The church was a Frankenstein’s monster of beautiful old architecture and horrific capitulation to the glad-handing funhouse of modern worship. Soaring stained glass windows depicting the betrayal and crucifixion of Jesus Christ were covered by banners announcing the new sermon series, “Being Wordy in a Worldly World.” A cartoon Bible stood in front of a torrent of red and black media, holding out one hand to ward them off. The balconies on either side of the stained glass were blocked off at ground level, unsafe to stand in but too costly to remove, just holy black holes.

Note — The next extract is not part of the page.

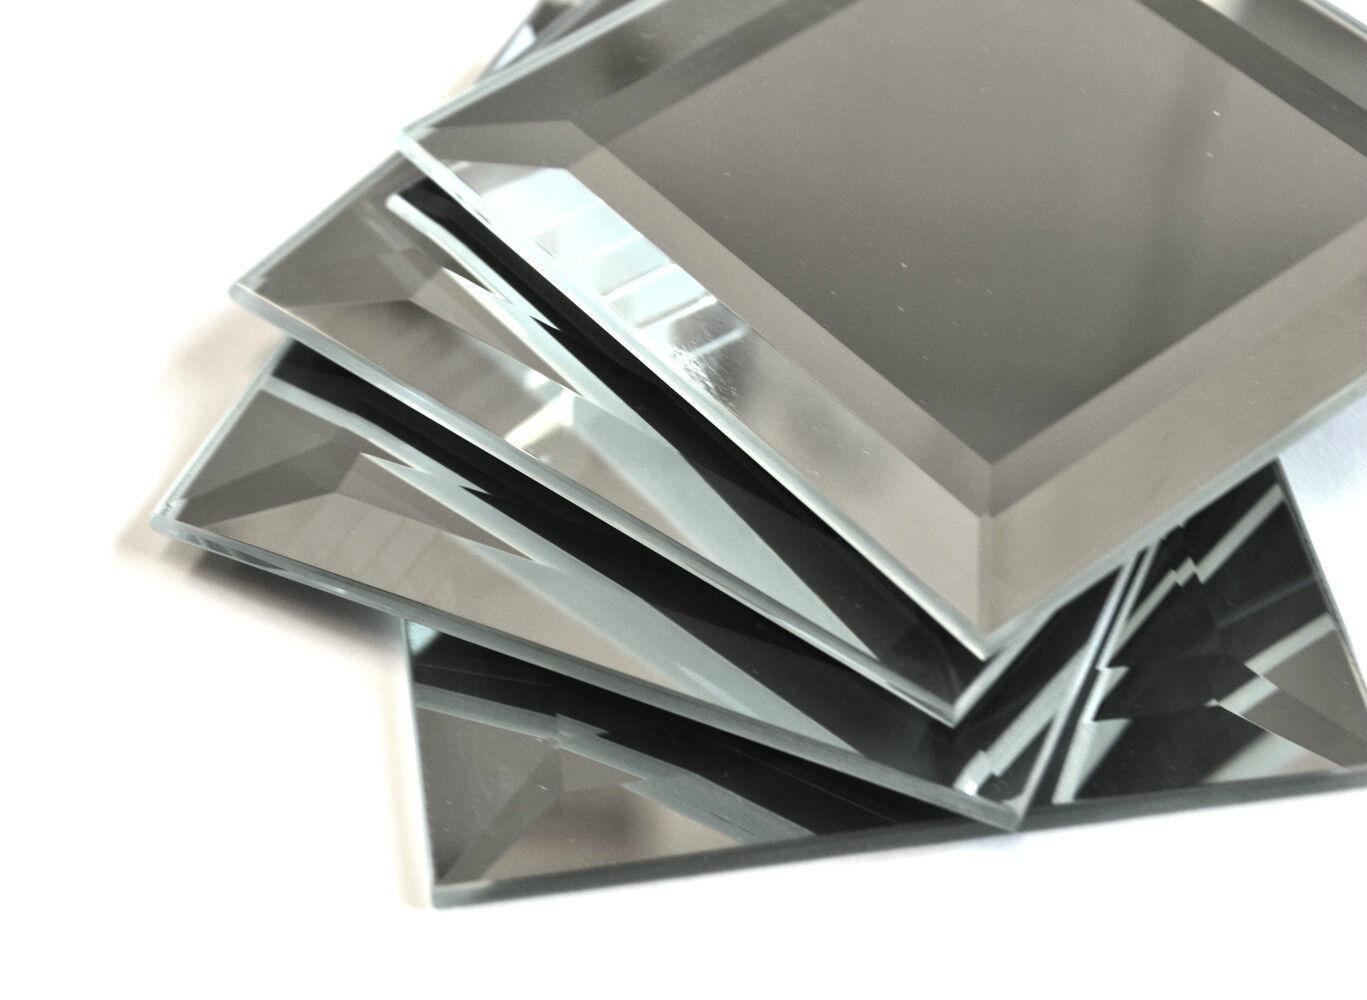 3x3 Wide Beveled Glass Mirror Tile Decorative Accent Art-cra

A rosewood and gold coffin sat on the stage at the front of the church, cream lining showing on the underside of the open lid. A small stepstool, just two steps, sat on the floor in front of it. The stage was thoroughly modern, with three large LCD screens, all currently looping the same flickering candle from the same angle. To one side of the coffin was the keyboard, a squawky electronic approximation of a piano, with a thin woman hunched over it, back to the crowd. On the other side was a drum set, caged in plexiglass with a plywood roof, as if it were a snake caught in the backyard and hastily caged by an eight-year-old. You think those drums are contained, but they are still going to get out and give the ladies fits.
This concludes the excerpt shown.